Task requirements
Please, from the entries below, transcribe exactly the lines that begin at the line with "Beethoven: Coriolan Overture/Egmont Overture" and end at the line with "Intel MB890 user", without the pictures.

Dataset content

····················

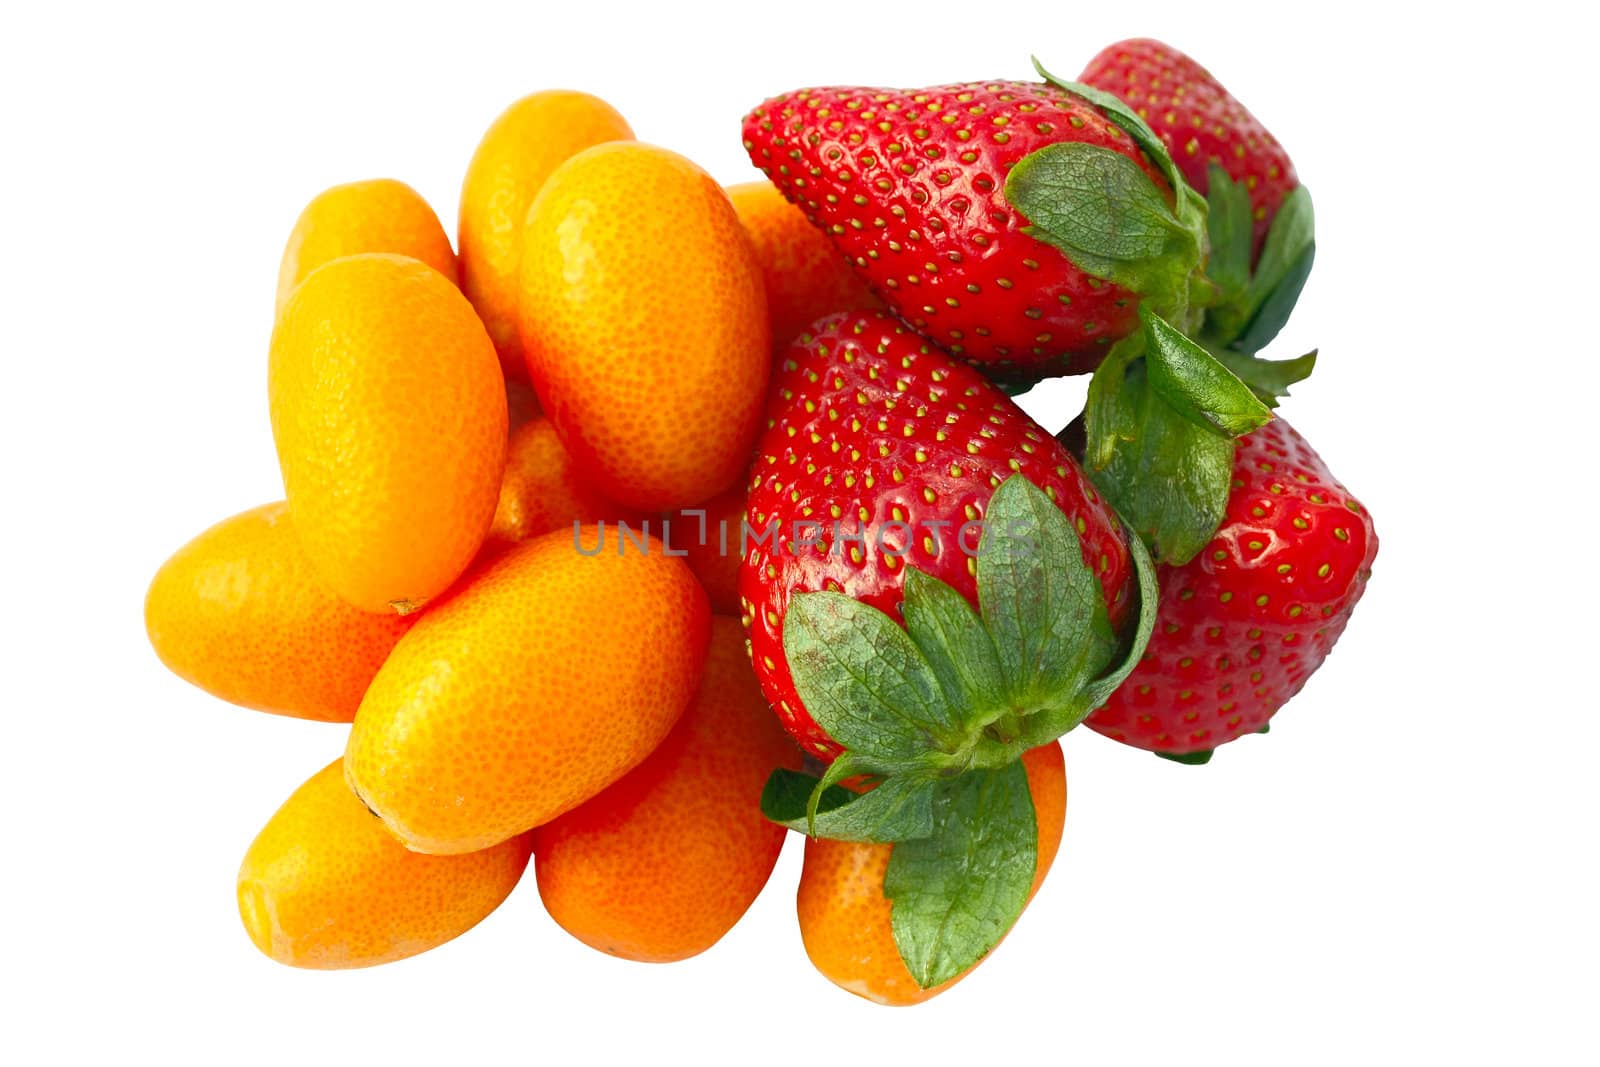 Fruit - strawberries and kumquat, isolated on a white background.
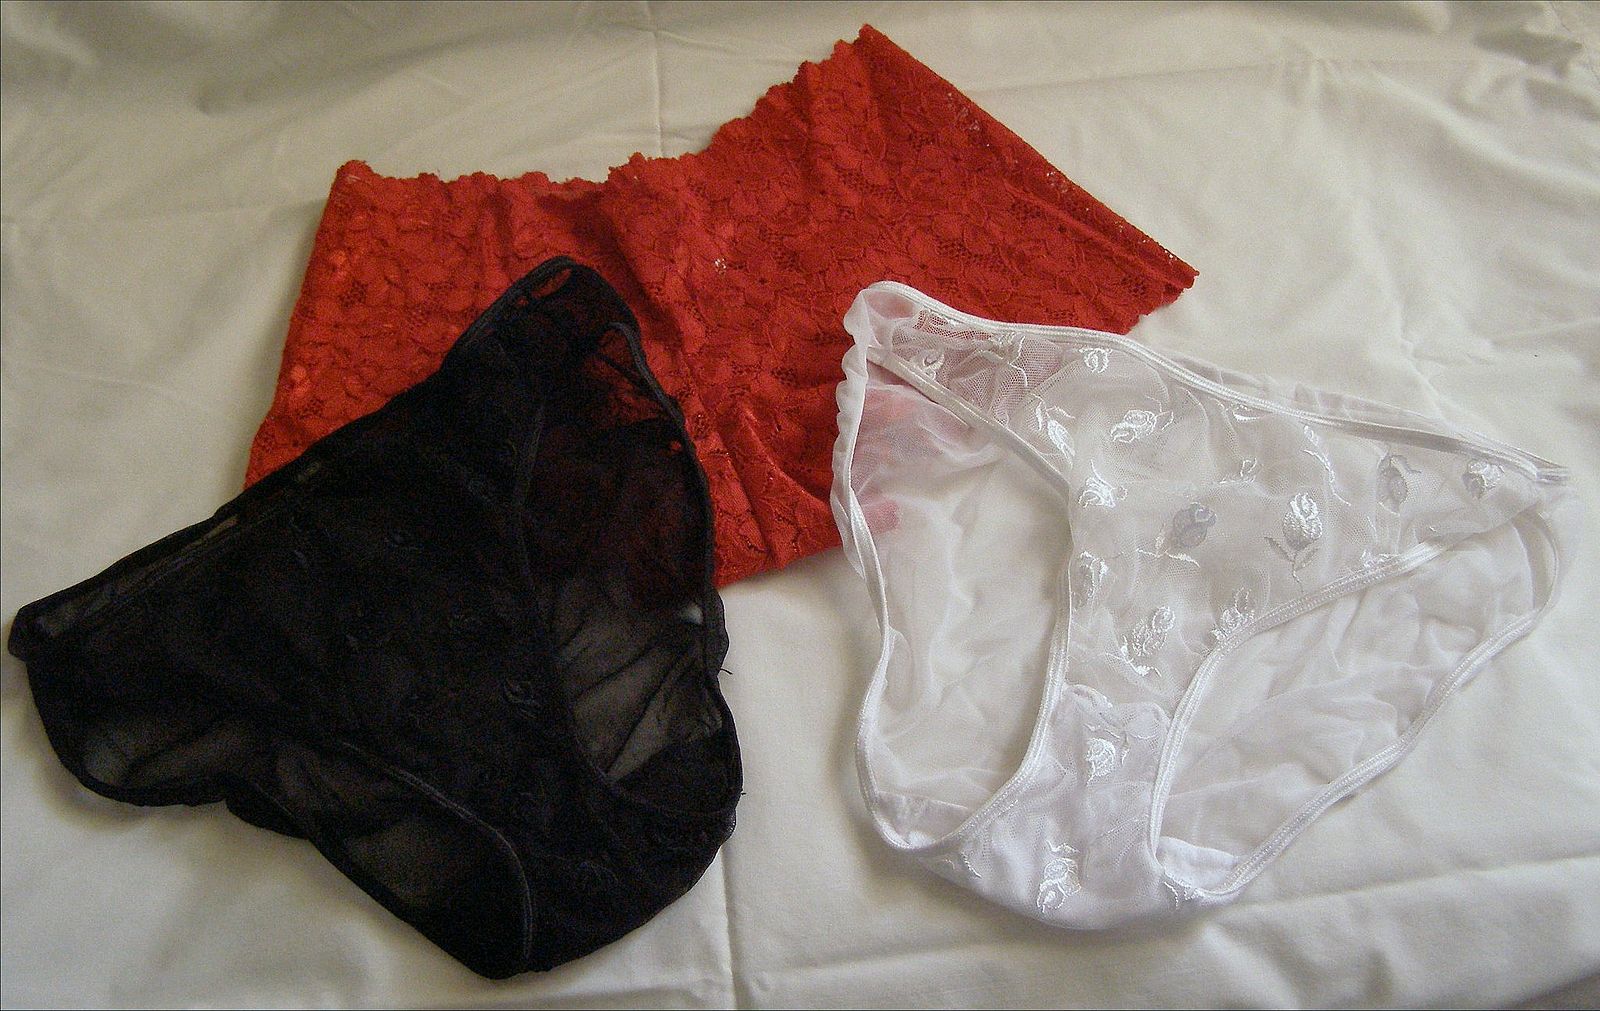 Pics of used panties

····················

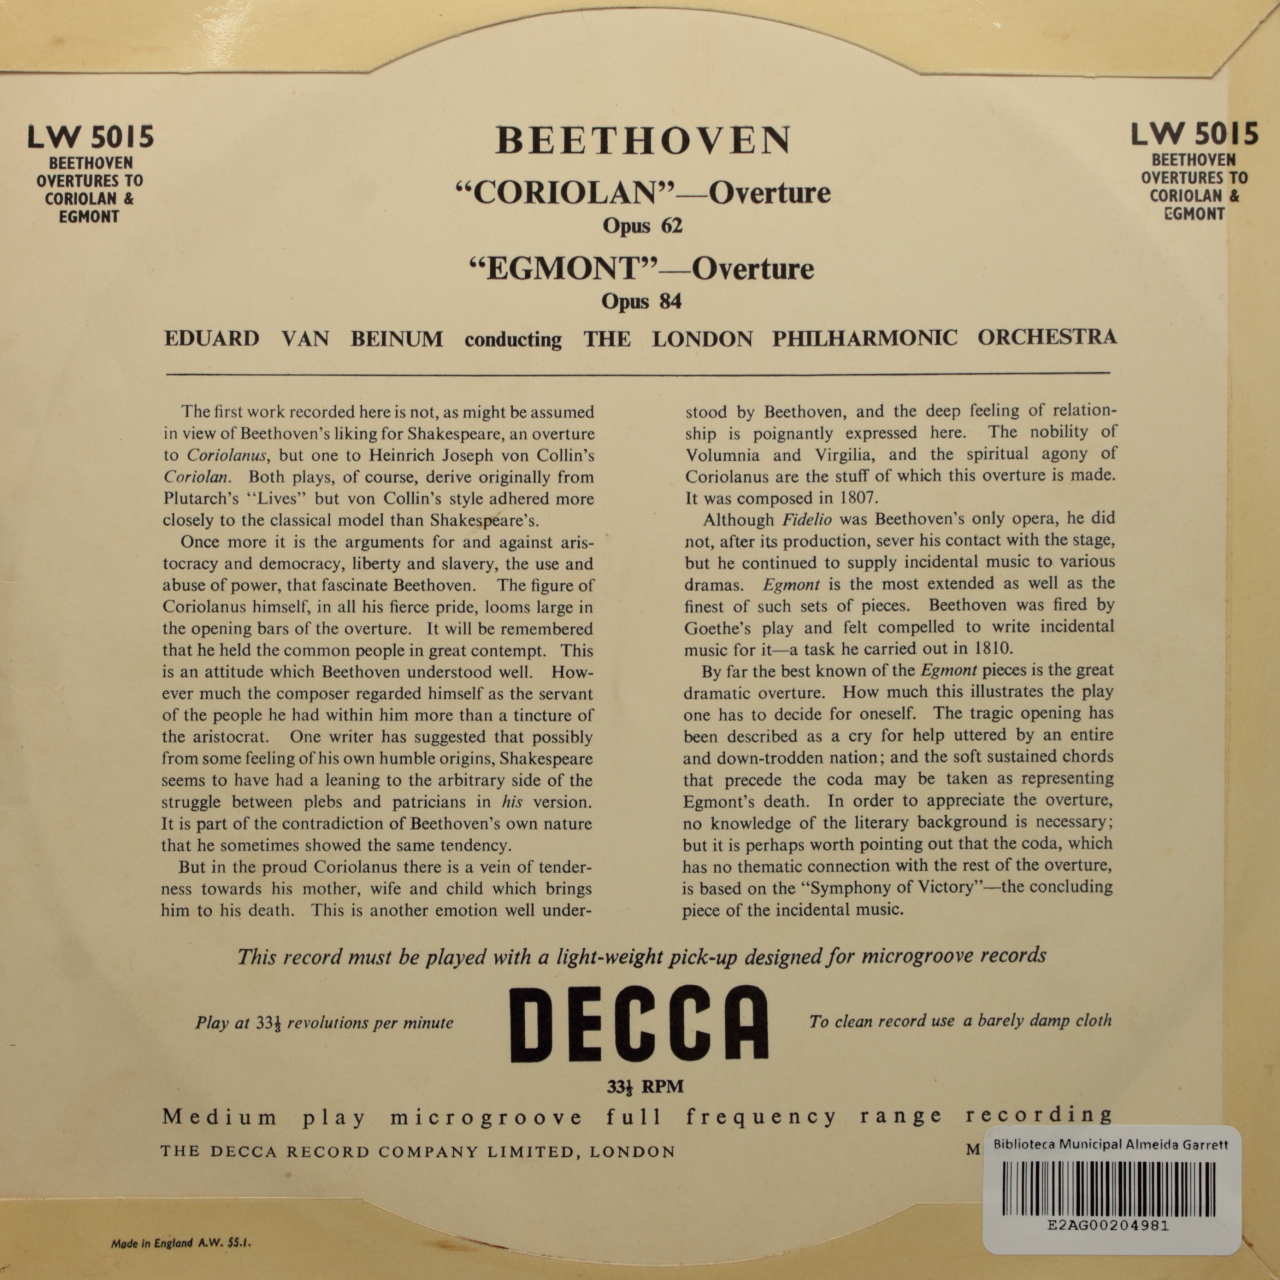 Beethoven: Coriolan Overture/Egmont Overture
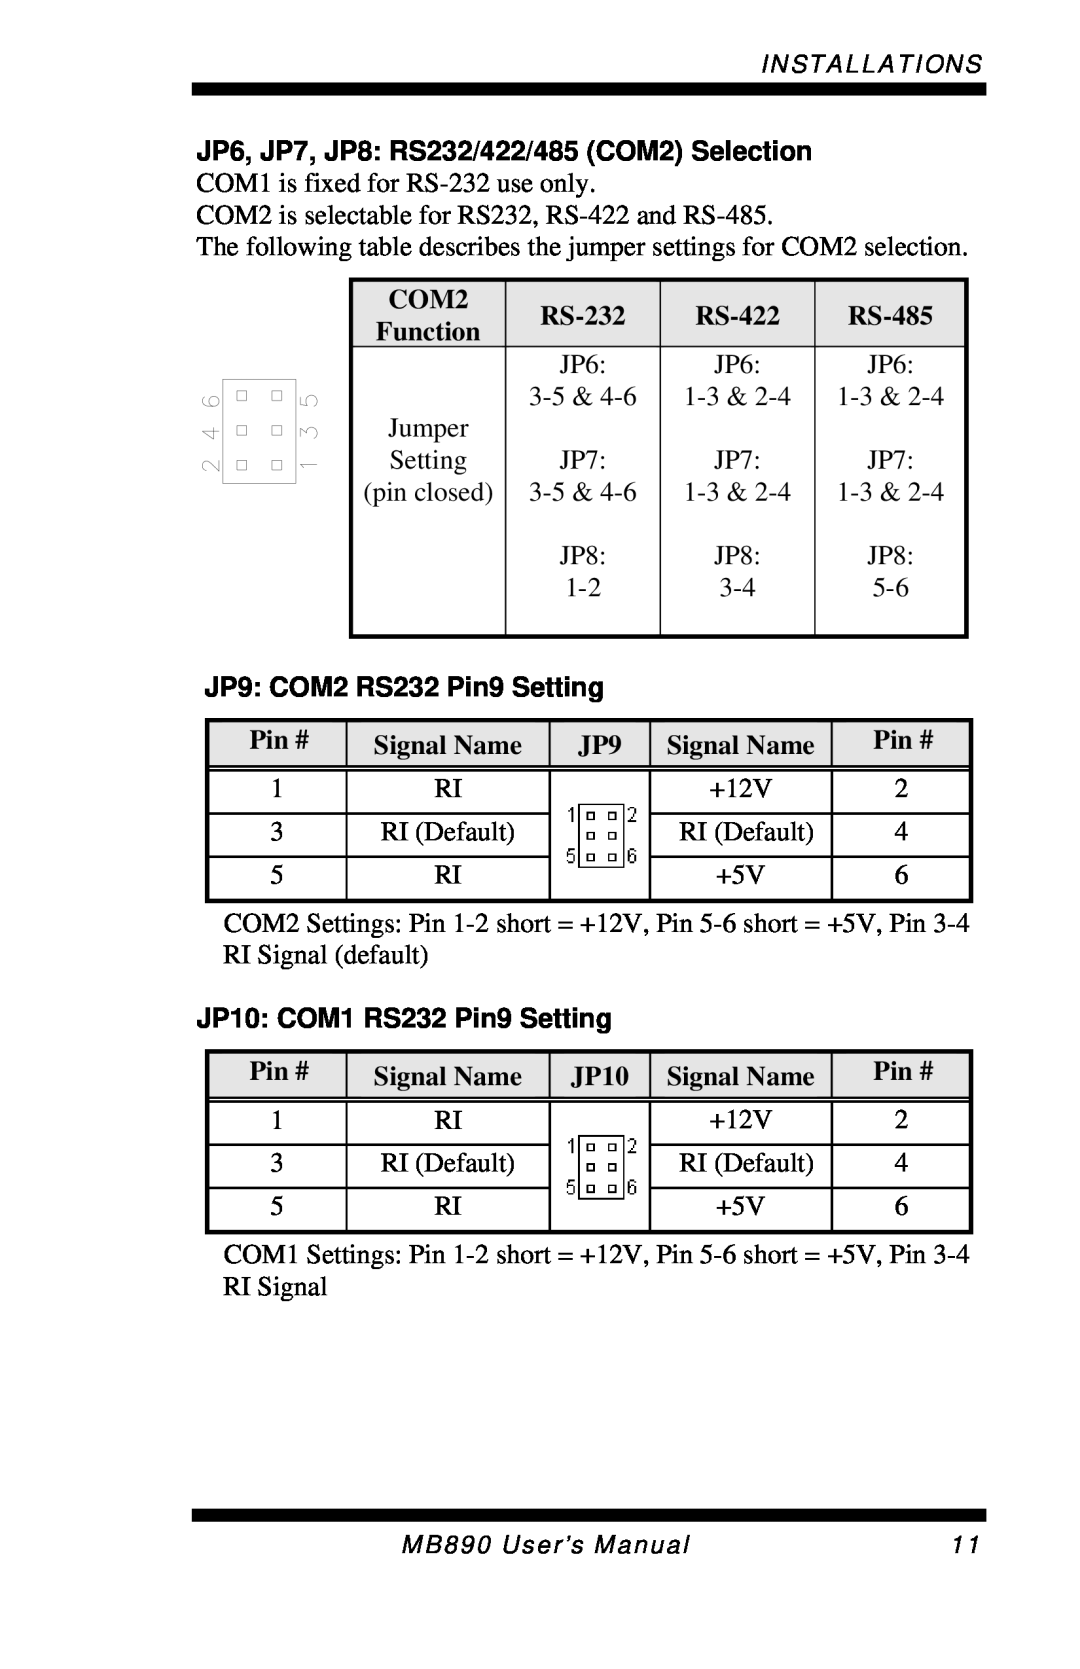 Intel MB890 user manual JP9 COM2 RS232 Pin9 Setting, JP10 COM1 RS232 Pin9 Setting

····················

Response to the task
 Beethoven: Coriolan Overture/Egmont Overture
 Intel MB890 user manual JP9 COM2 RS232 Pin9 Setting, JP10 COM1 RS232 Pin9 Setting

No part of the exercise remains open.